The committee concluded that the CIA had misled the public about the role of torture in locating bin Laden. The report says that most of the “documents, statements and testimony” connecting the use of torture and the bin Landen hunt were “inaccurate and incongruent with C.I.A. records.”

The CIA has pushed back, saying the Senate report overstates the importance of the pre-2003 intelligence from those who were not subjected to harsher interrogation tactics. “That intelligence was insufficient to distinguish Abu Ahmad from many other Bin Ladin associates until additional information from detainees put it into context and allowed us to better understand his true role and potential in the hunt for Bin Ladin,” the agency said.
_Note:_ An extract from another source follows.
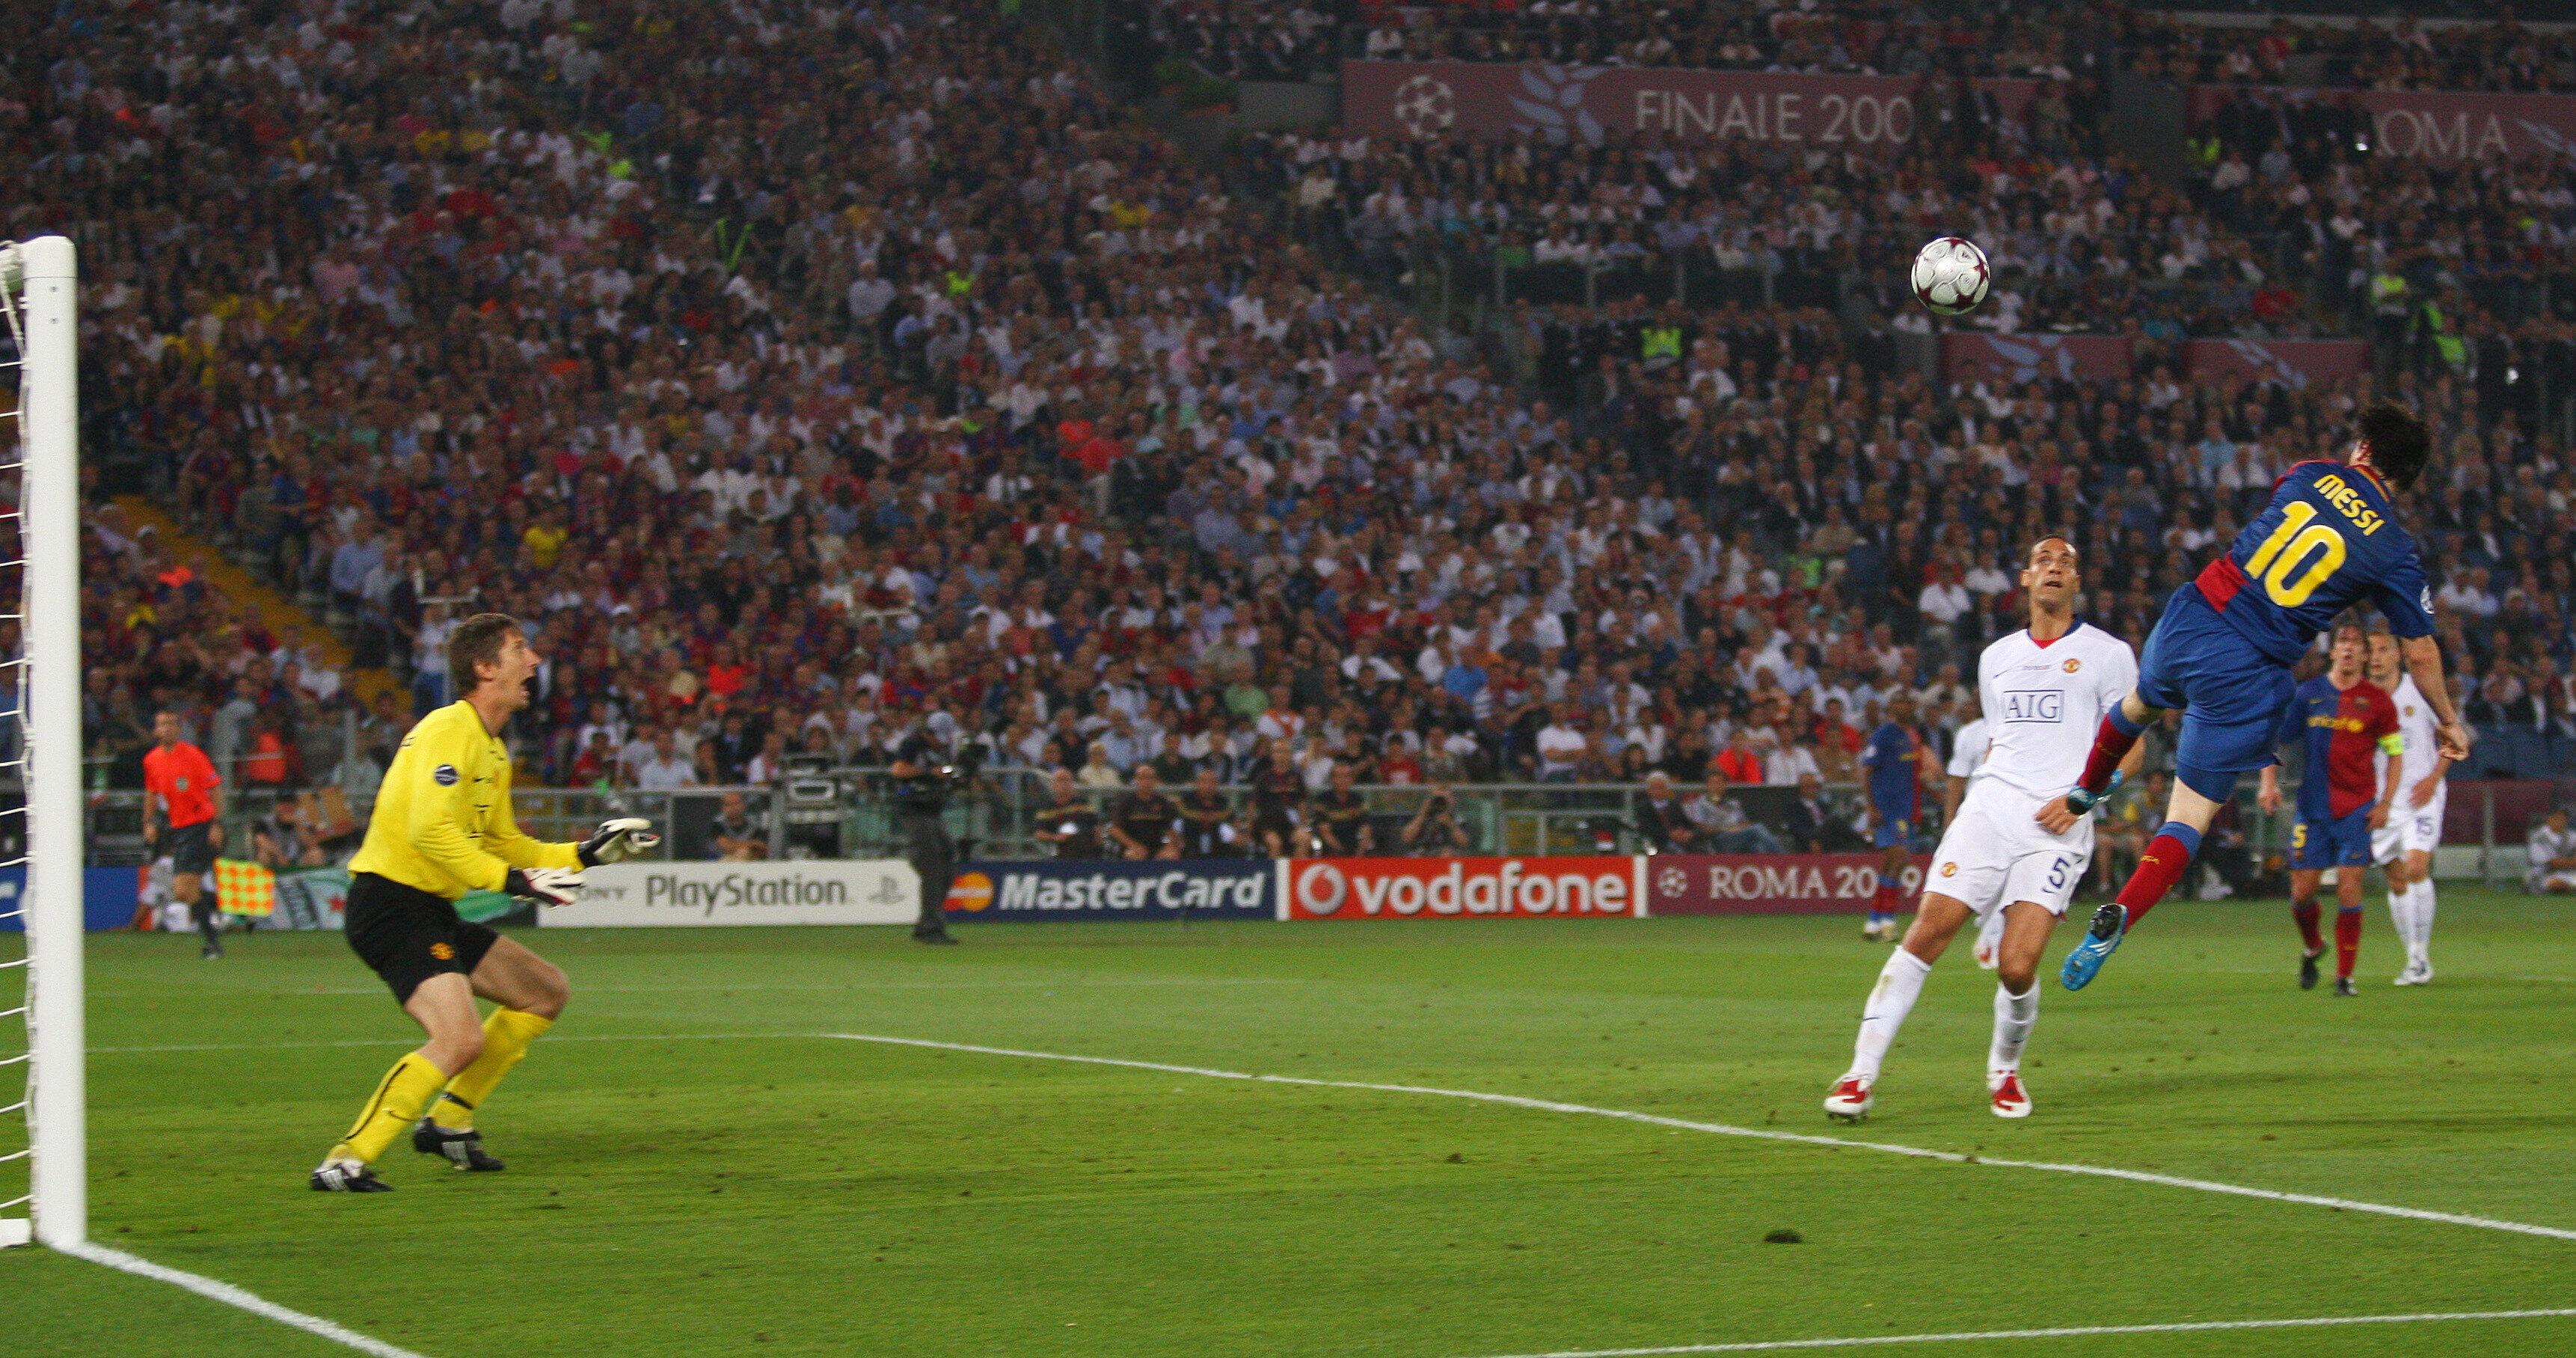 Lionel Messi'nin Manchester United'a attığı kafa golü.

The CIA also asserted that another detainee, Ammar Al Baluchi, was the first to tell them—after being subjected to the harsher interrogations—that Kuawaiti was a courier. But the senate report says Baluchi’s information was not considered a breakthrough because he recanted the information later.

Zero Dark Thirty proves problematic in the face of the new report, though how inaccurate it is seems to depend on whether you ask the Senate committee or the CIA.